Given information |
====
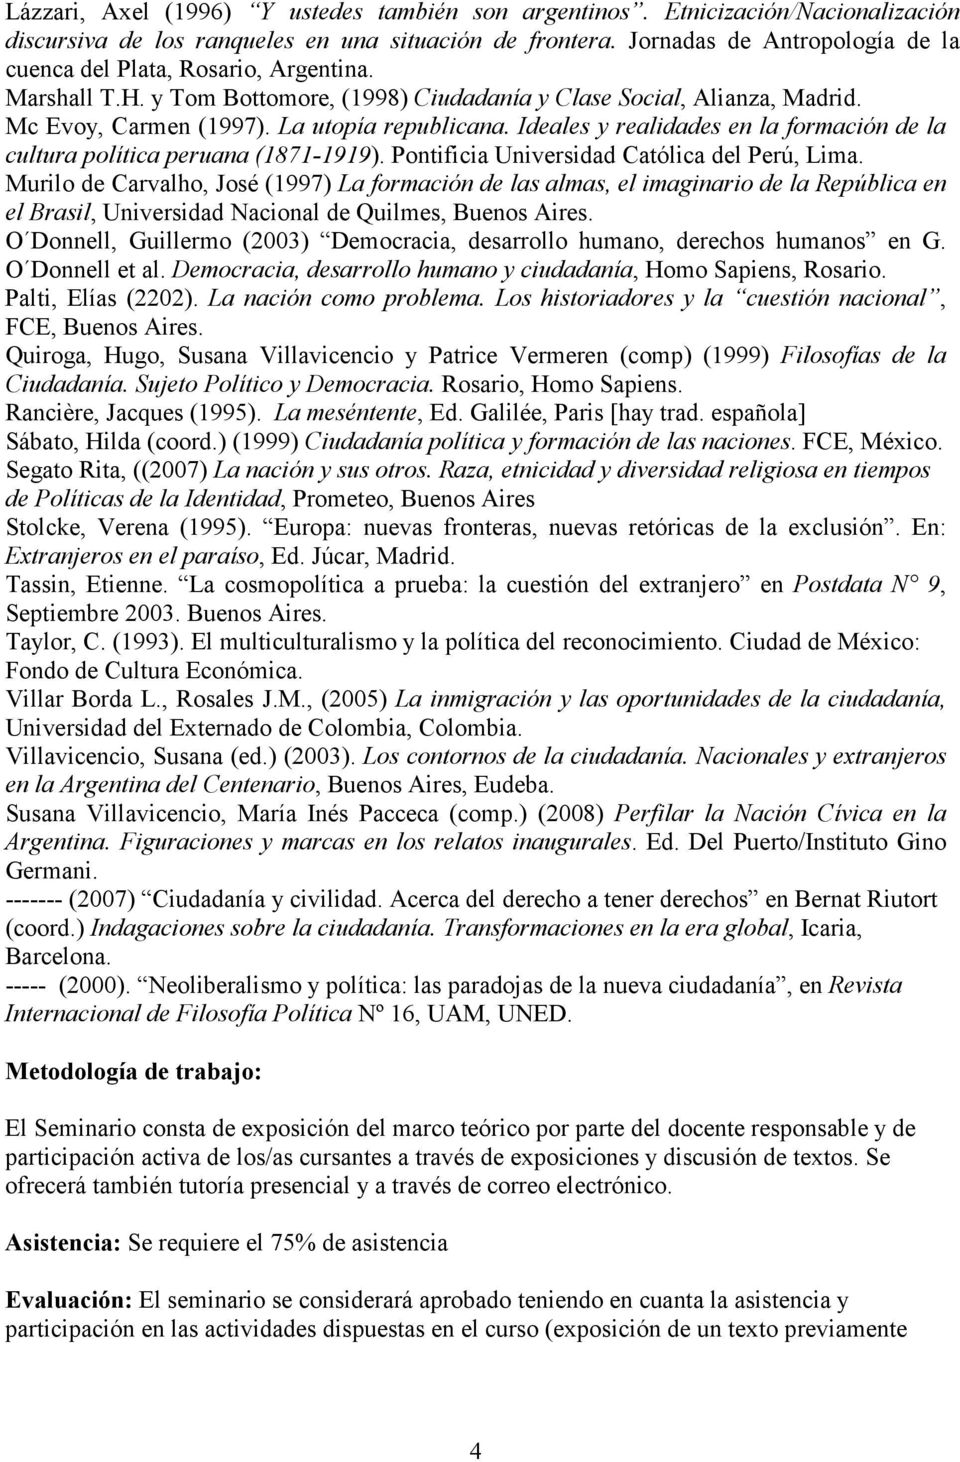 Ideales y realidades en la formación de la cultura política peruana (1871-1919). Pontificia Universidad Católica del Perú, Lima.
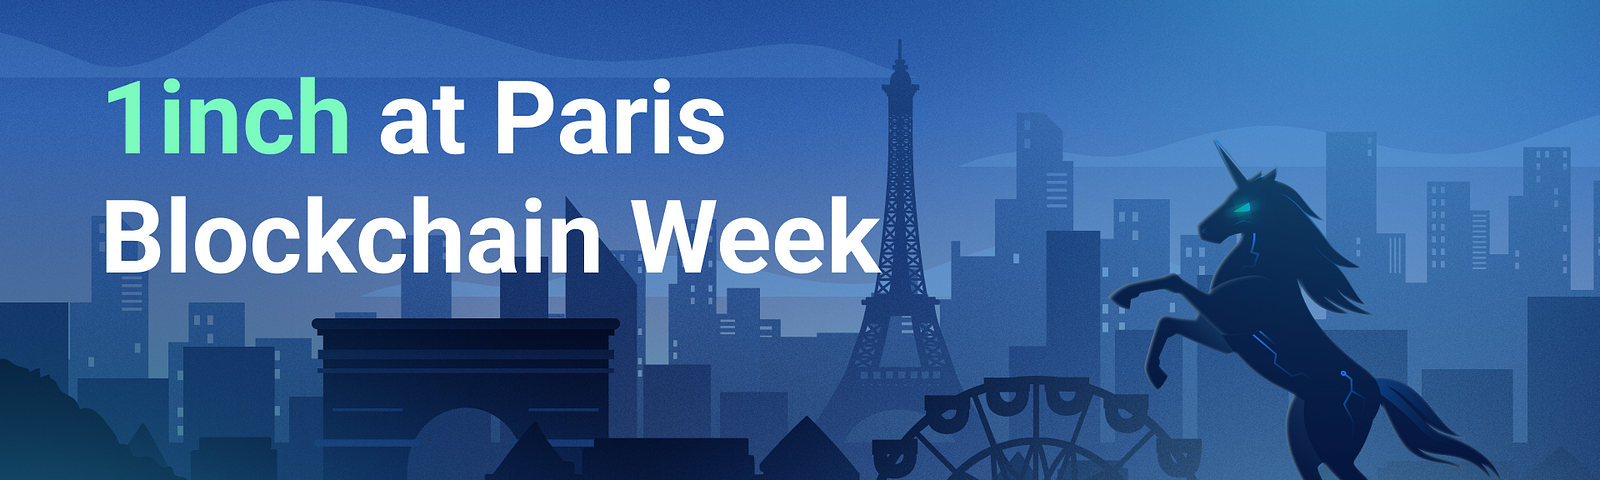 1inch to hit Paris Blockchain Week 2023
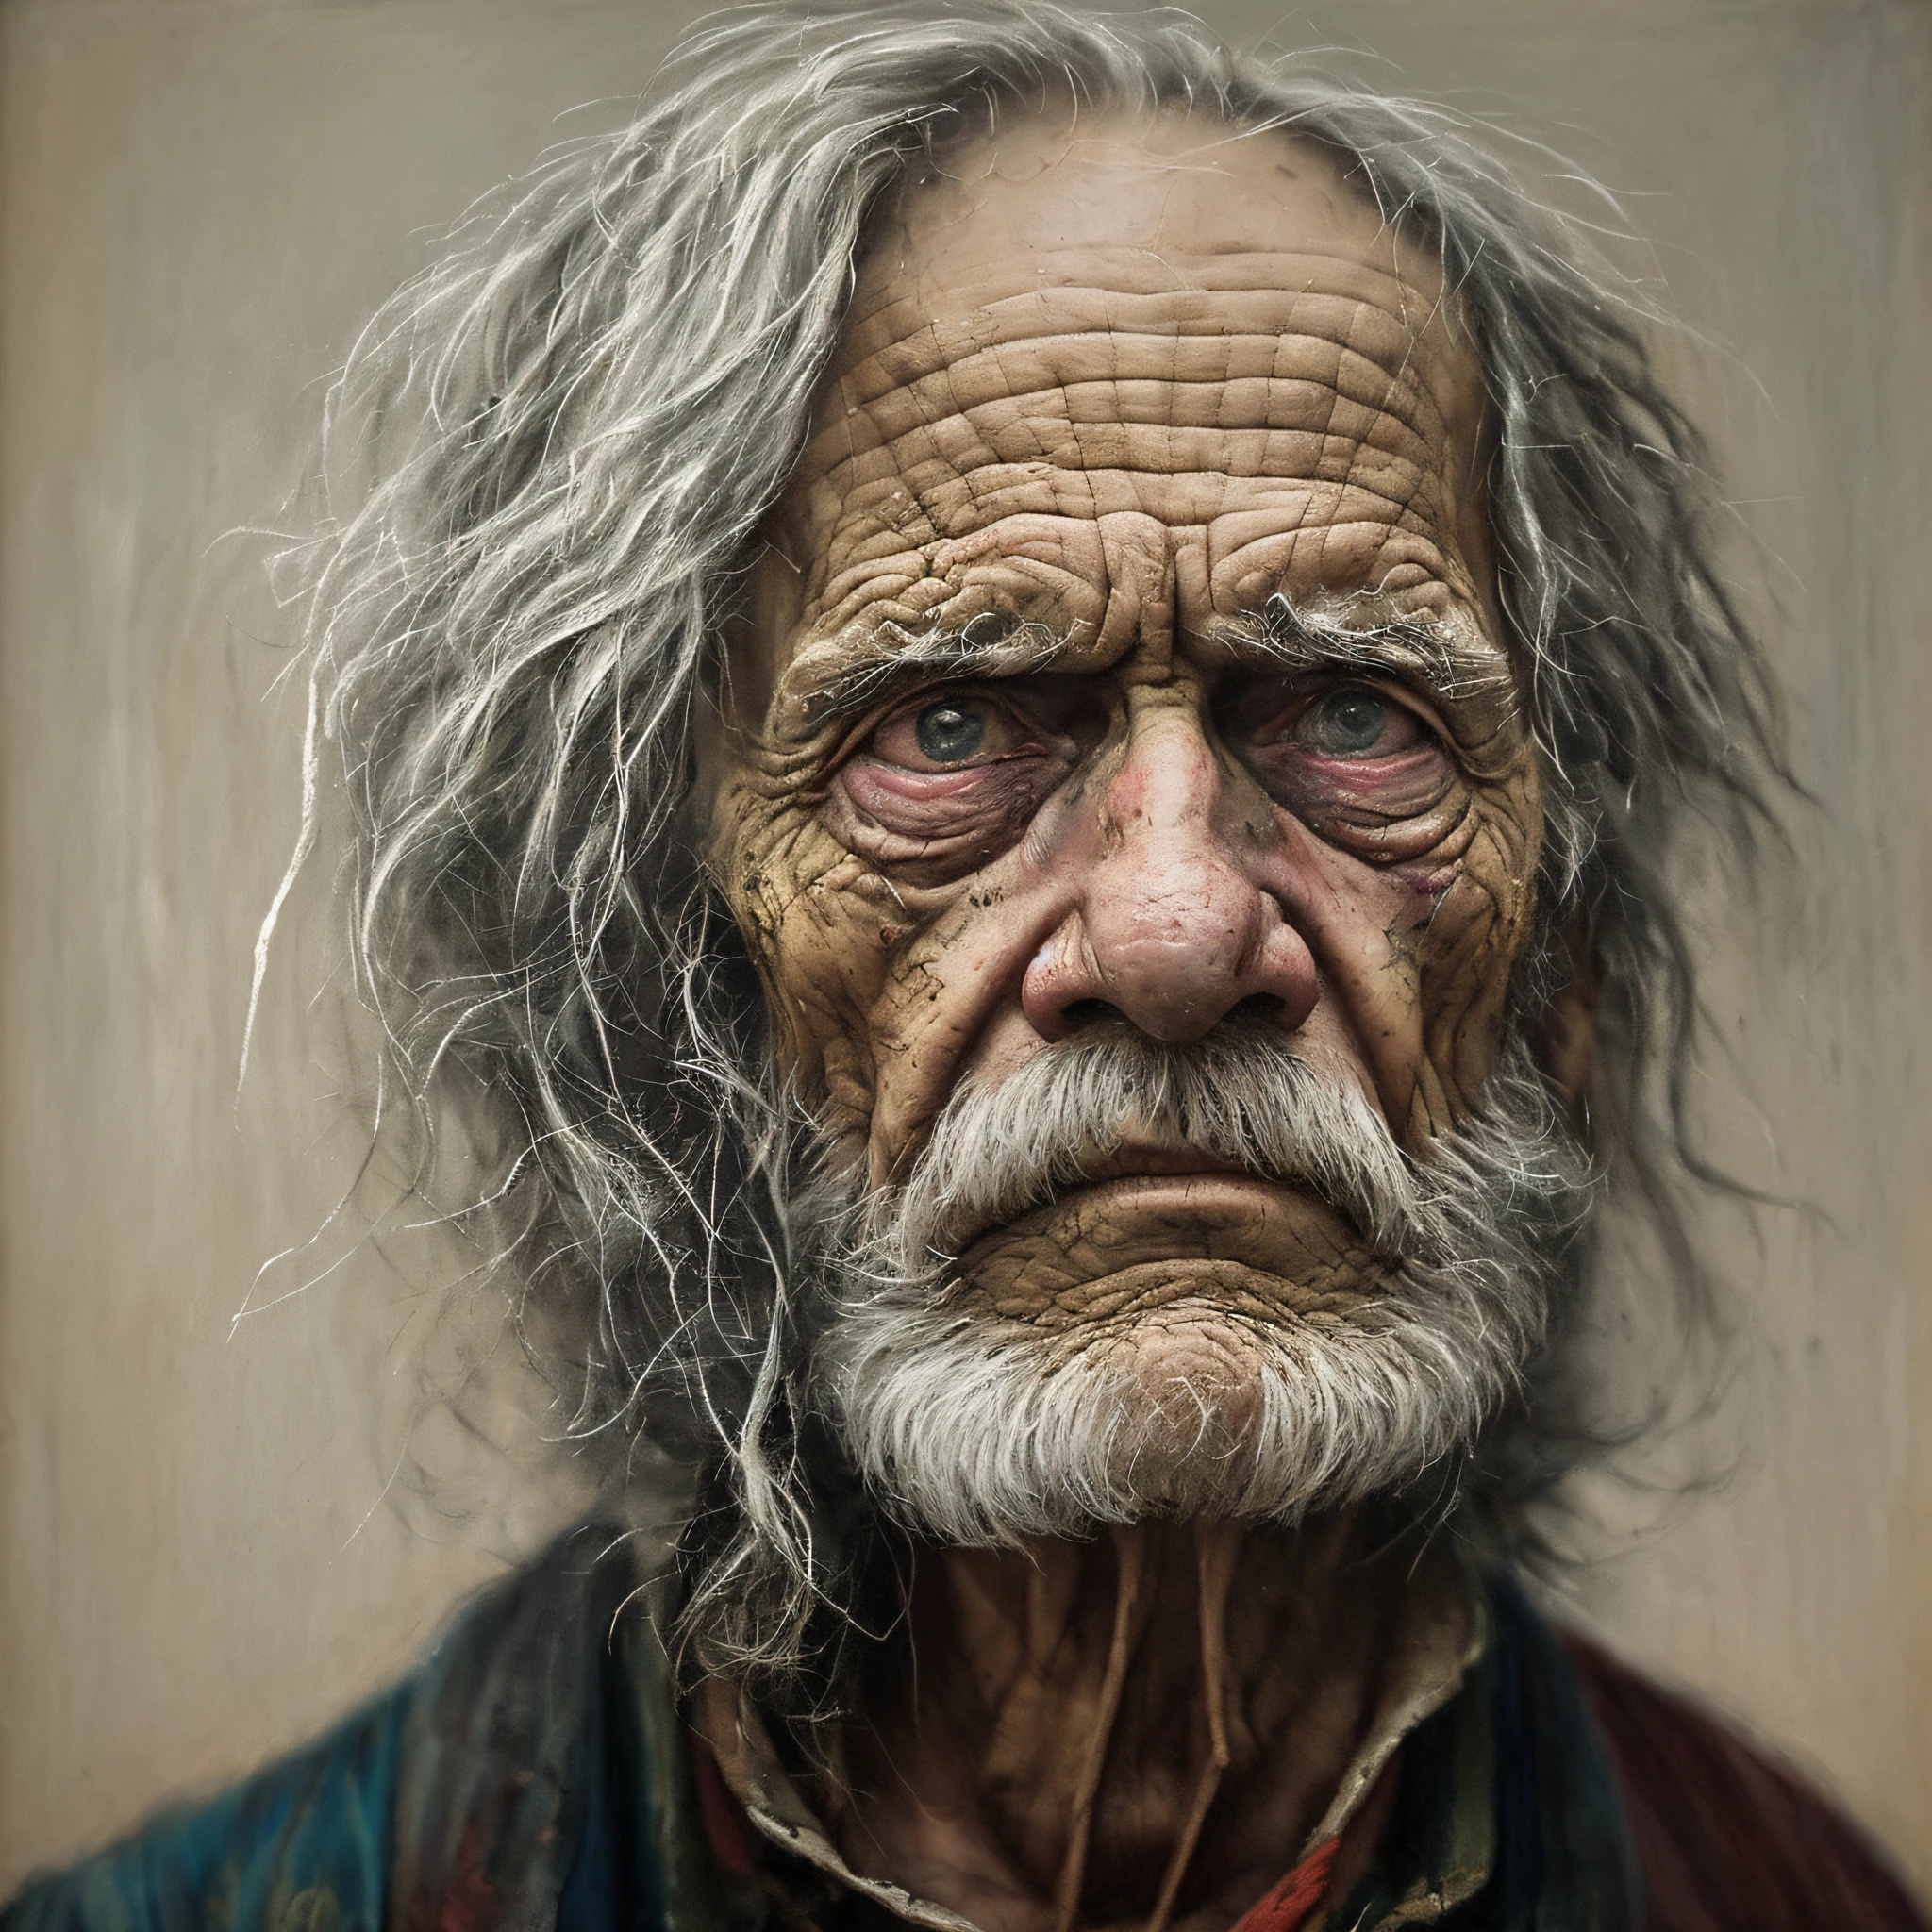 Un portrait d&#39;un pauvre soldat américain de 1800 ans en haillons, ((fatigue accablante )), rides de l&#39;âge, art conceptuel, peinture au pastel à l&#39;huile , couleurs gris maussades , graveleux, style désordonné d&#39;Alexey Savrasov, Ivan Chichkine, Ilya Répine, (cel shader:1.2), 2j, (peinture à l&#39;huile:1.2) très détaillé
====
What you need to do | Copy, exactly and exclusively, the lines beginning with the one that contains "1inch to hit Paris Blockchain Week 2023" and ending with the last line of the listing; pictures are to be omitted.

Solved problem |
 1inch to hit Paris Blockchain Week 2023
 Un portrait d&#39;un pauvre soldat américain de 1800 ans en haillons, ((fatigue accablante )), rides de l&#39;âge, art conceptuel, peinture au pastel à l&#39;huile , couleurs gris maussades , graveleux, style désordonné d&#39;Alexey Savrasov, Ivan Chichkine, Ilya Répine, (cel shader:1.2), 2j, (peinture à l&#39;huile:1.2) très détaillé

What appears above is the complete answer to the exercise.